EXERCISE PROMPT -
Restate word for word the span of lines that opens with the line containing "Frayed details" and closes with the last line of the material. Include both ends and nothing more.

=== Section Start ===

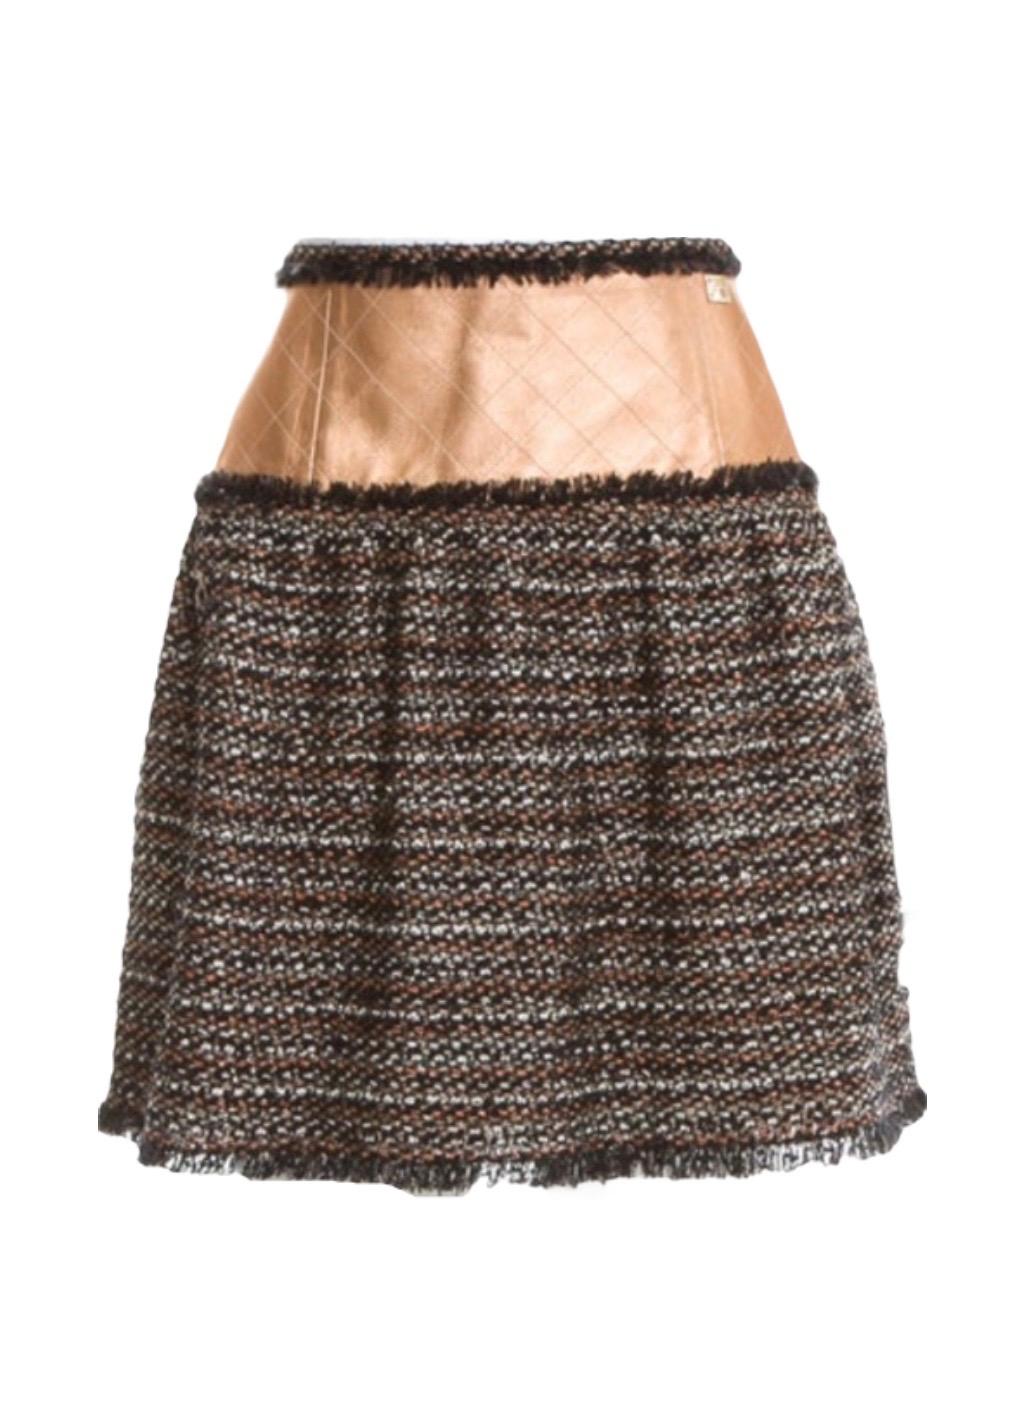 An stunning CHANEL tweed skirt
A true CHANEL signature item that will last you for many years
A fantastic piece created from finest leather and tweed fabric
Frayed details
Dry Clean Only
Made in France
Estimated etail price 5799$ plus taxes
Size

=== Section End ===

TASK RESULT -
Frayed details
Dry Clean Only
Made in France
Estimated etail price 5799$ plus taxes
Size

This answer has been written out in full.